ASSIGNMENT —
Leave out the pictures and output exactly the lines below from the one with "Ralph Lauren Fashion" down to the one with "7fb4b45be702 CloverSac Handbag", both of them included.

RECORD EXCERPTS —
# # # # #
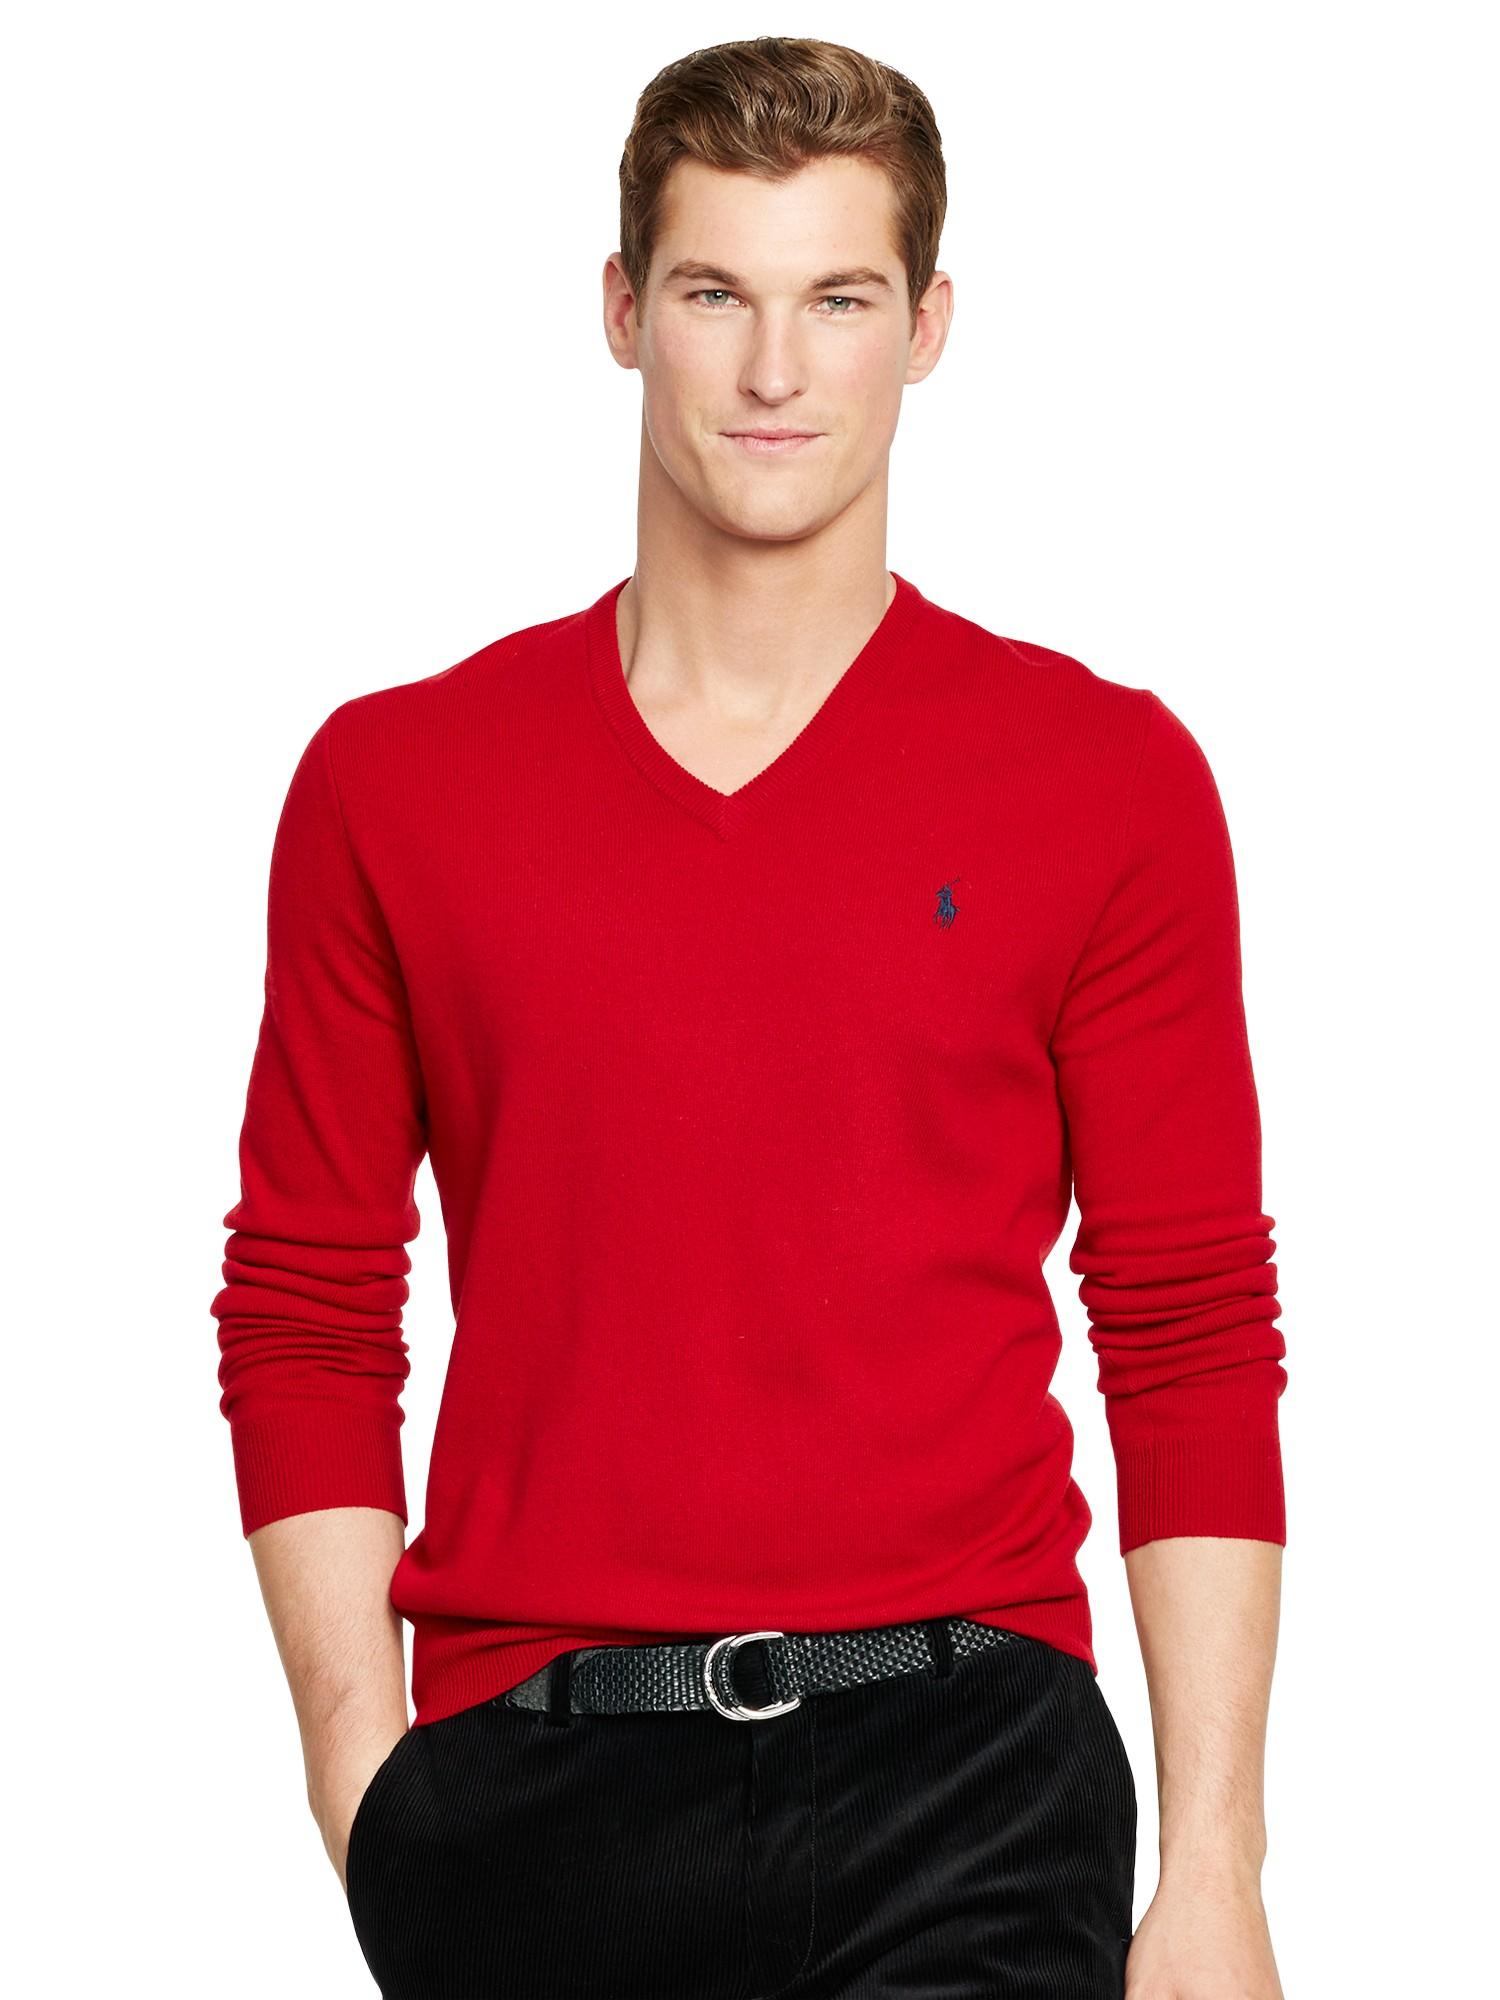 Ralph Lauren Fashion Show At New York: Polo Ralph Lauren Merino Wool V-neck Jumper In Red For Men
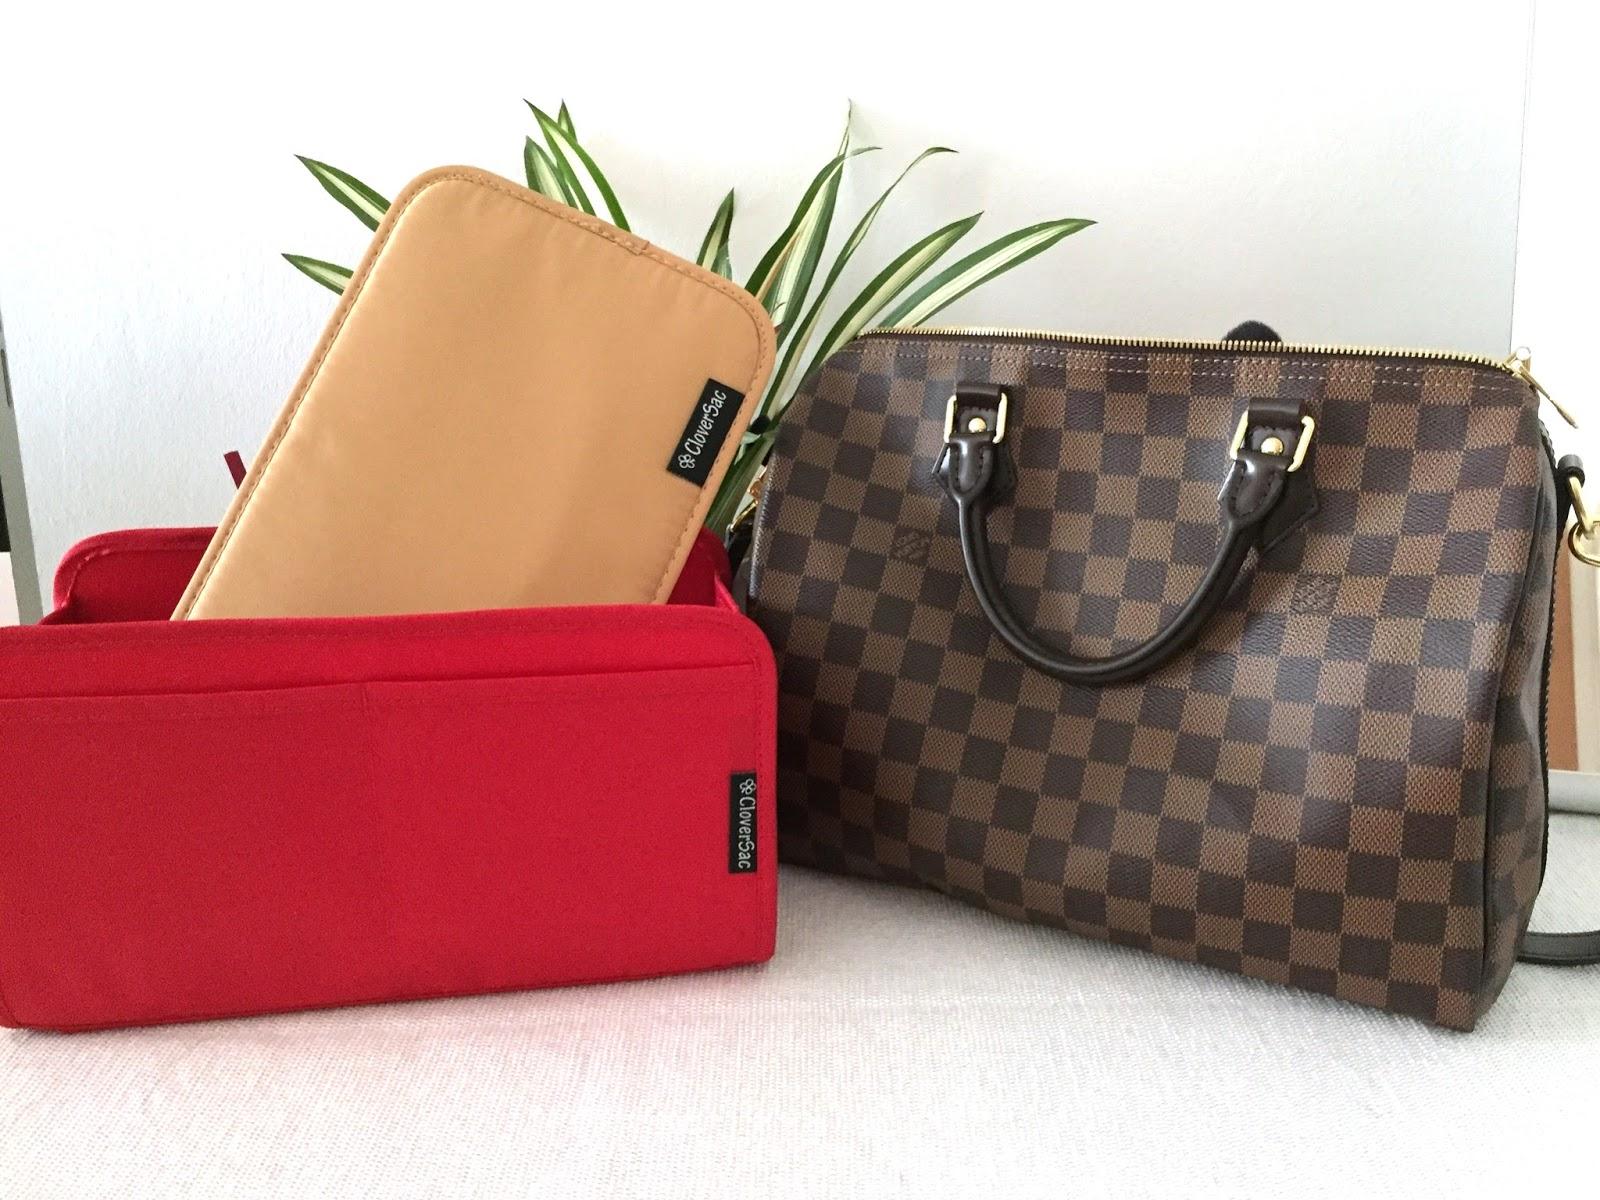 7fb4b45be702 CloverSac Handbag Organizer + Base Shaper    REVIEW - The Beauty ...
# # # # #
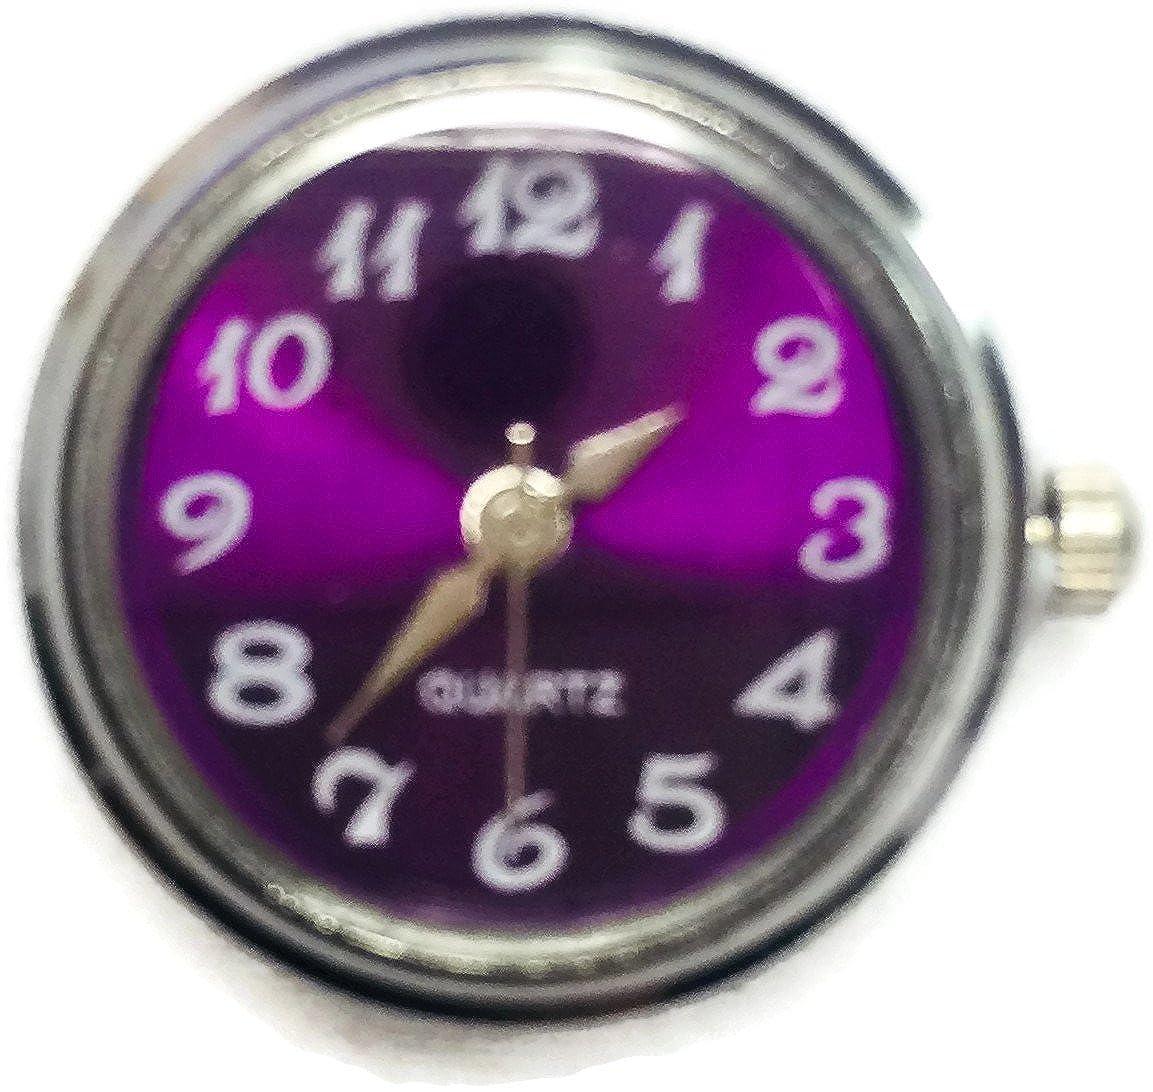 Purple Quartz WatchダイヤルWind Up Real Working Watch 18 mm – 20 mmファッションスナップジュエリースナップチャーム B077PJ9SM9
# # # # #
OUTPUT OF THE EXERCISE —
 Ralph Lauren Fashion Show At New York: Polo Ralph Lauren Merino Wool V-neck Jumper In Red For Men
 7fb4b45be702 CloverSac Handbag Organizer + Base Shaper    REVIEW - The Beauty ...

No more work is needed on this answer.